Assim como os agentes comunitários de saúde (ACS), os ACEs trabalham em contato direto com a população e, para o secretário de Vigilância em Saúde do Ministério da Saúde, Gerson Penna, esse é um dos fatores mais importantes para garantir o sucesso do trabalho. “A dengue, por exemplo, representa um grande desafio para gestores e profissionais de saúde. E sabemos que um componente importante é o envolvimento da comunidade no controle do mosquito transmissor. Tanto o ACS como o ACE, trabalhando diretamente com a comunidade, são atores importantes para a obtenção de resultados positivos”, observa.

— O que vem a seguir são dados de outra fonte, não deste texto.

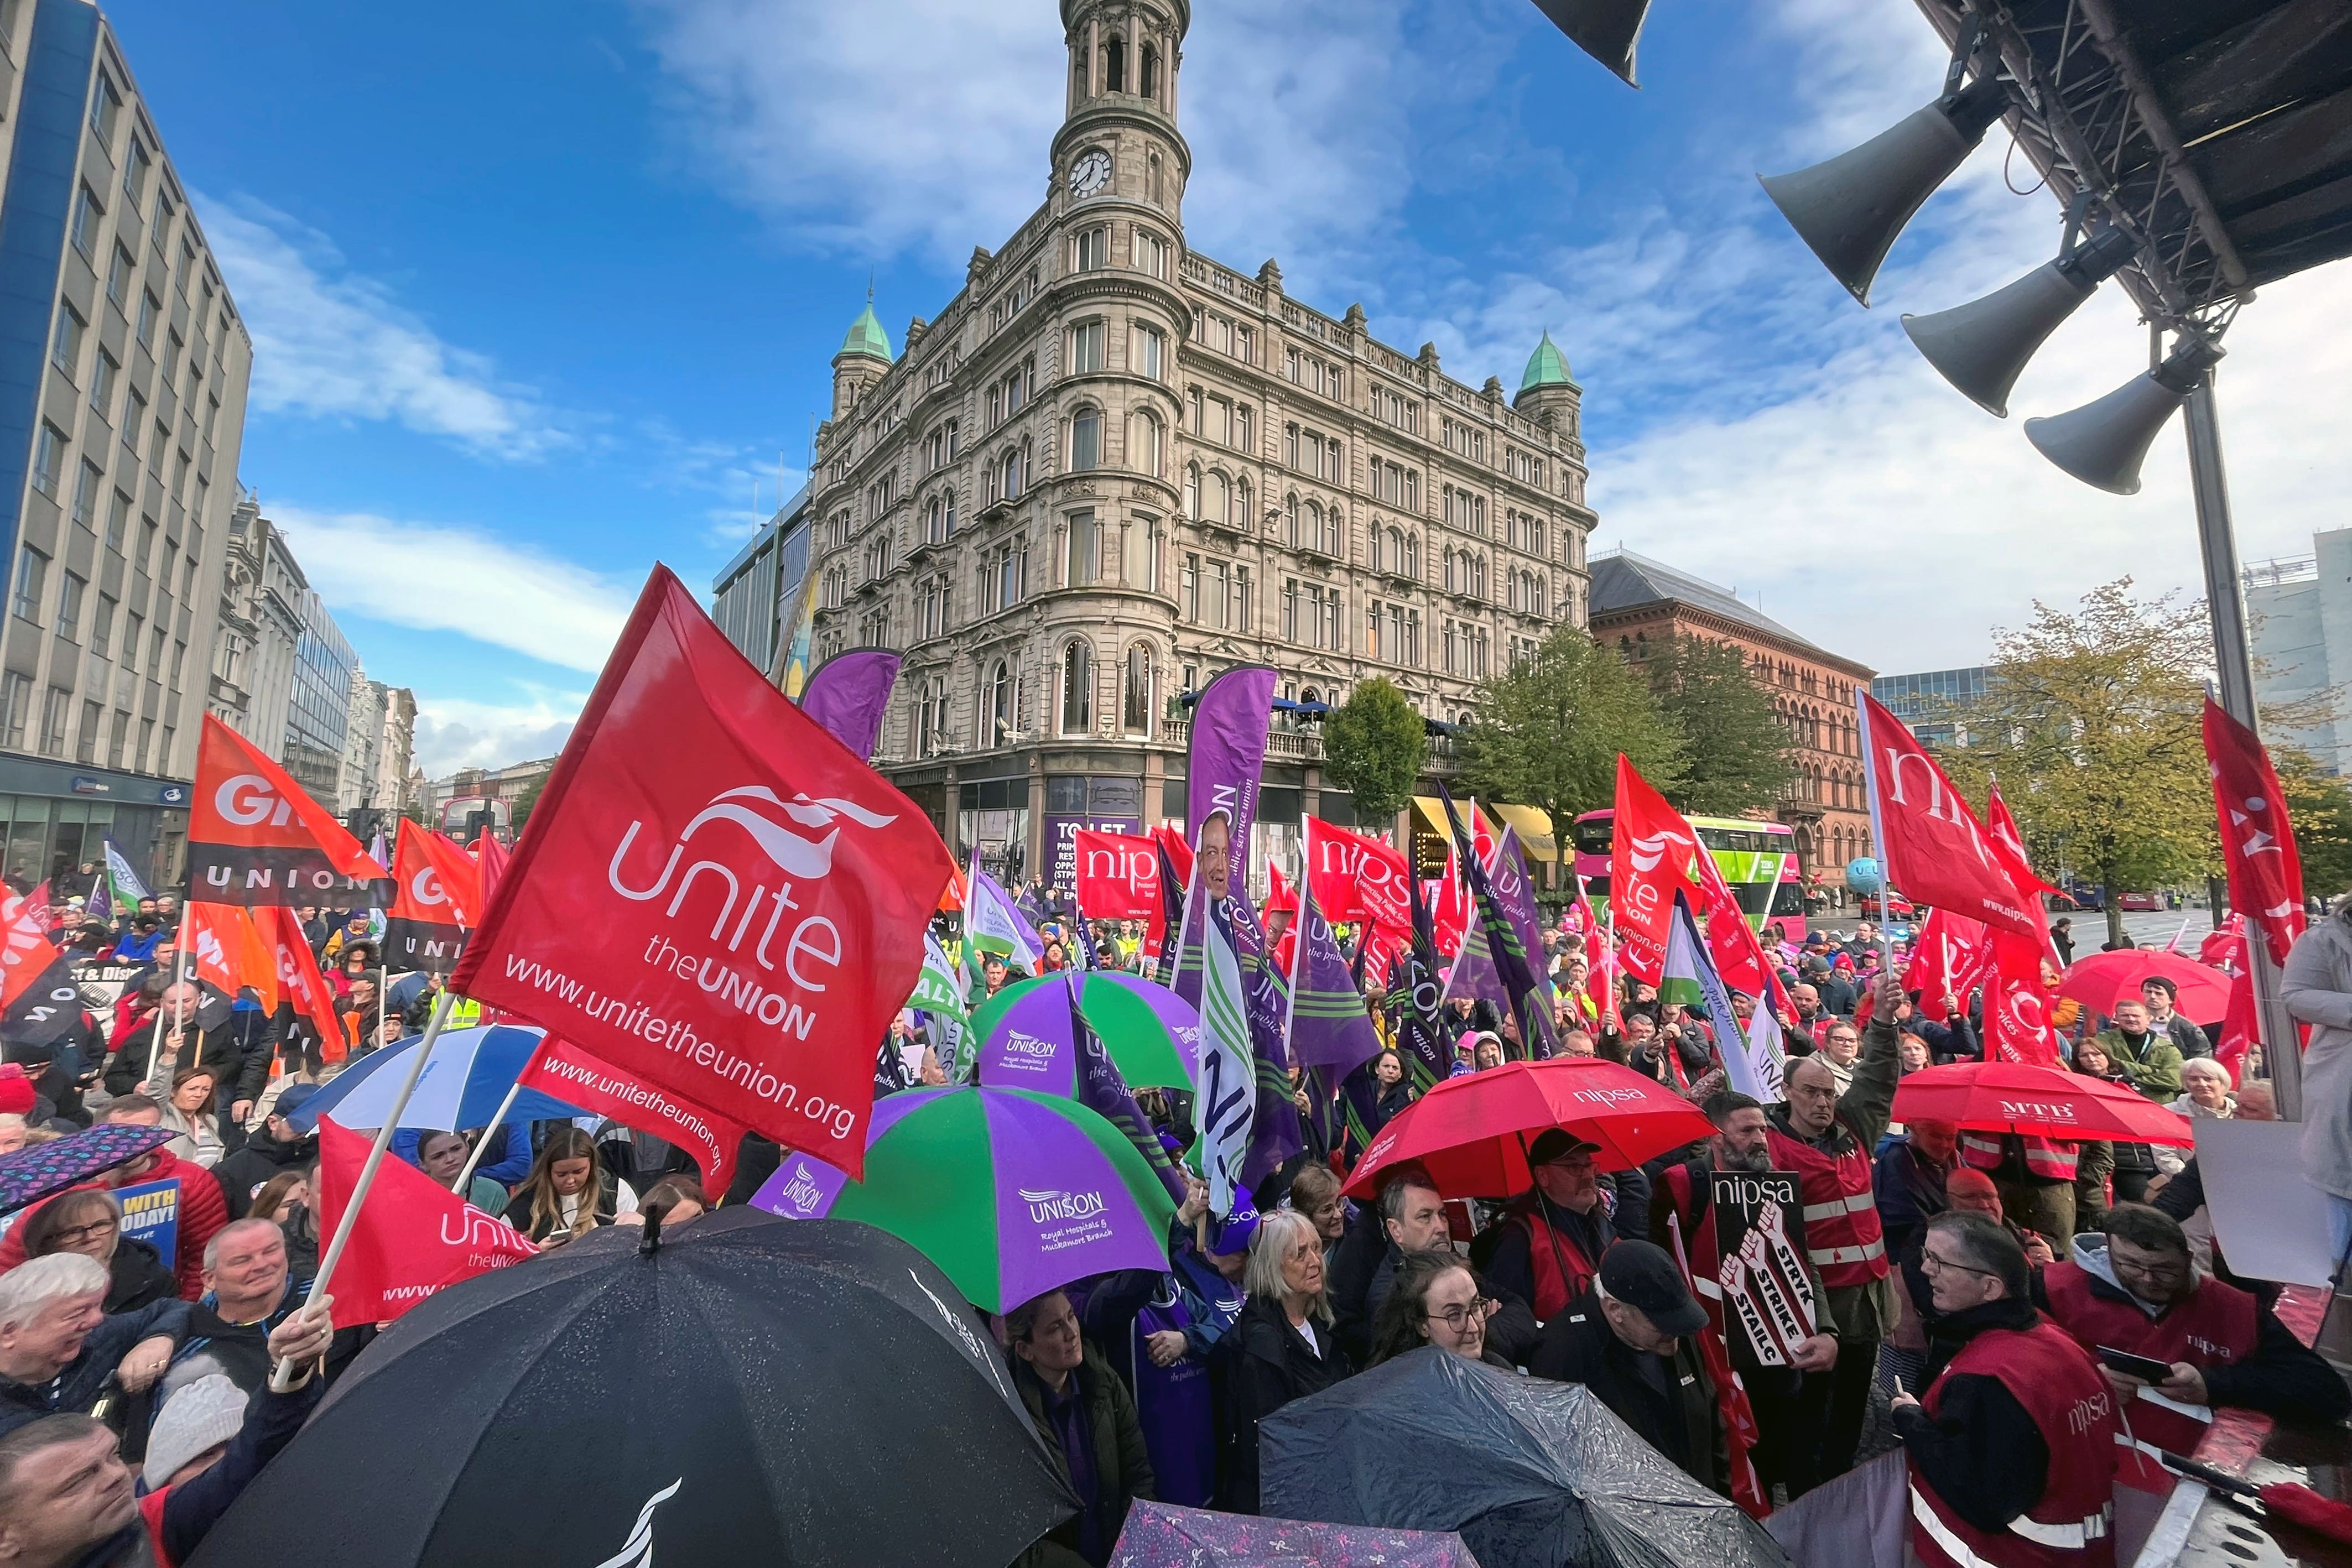 A major strike by public sector workers on Thursday is expected to be the largest seen in Northern Ireland in recent history (Claudia Savage/PA)

O ACE é um profissional fundamental para o contole de endemias e deve trabalhar de forma integrada às equipes de atenção básica na Estratégia Saúde da Família, participando das reuniões e trabalhando sempre em parceria com o ACS. “Além disso, o agente de endemias pode contribuir para promover uma integração entre as vigilâncias epidemiológica, sanitária e ambiental . Como está em contato permanente com a comunidade onde trabalha, ele conhece os principais problemas da região e pode envolver a população na busca da solução dessas questões”, acredita o secretário.
Precarização
Durante muito tempo, as ações de controle de endemias foram centralizadas pela esfera federal, que, desde os anos 70, era responsável pelos chamados ‘agentes de saúde pública’. Mas, seguindo um dos princípios básicos do Sistema Único de Saúde (SUS), em 1999 as ações de vigilância passaram a ser descentralizadas e hoje o município é o principal responsável por elas. O problema é que boa parte dos agentes ficou precarizada, sem um piso salarial comum e trabalhando por contratos temporários.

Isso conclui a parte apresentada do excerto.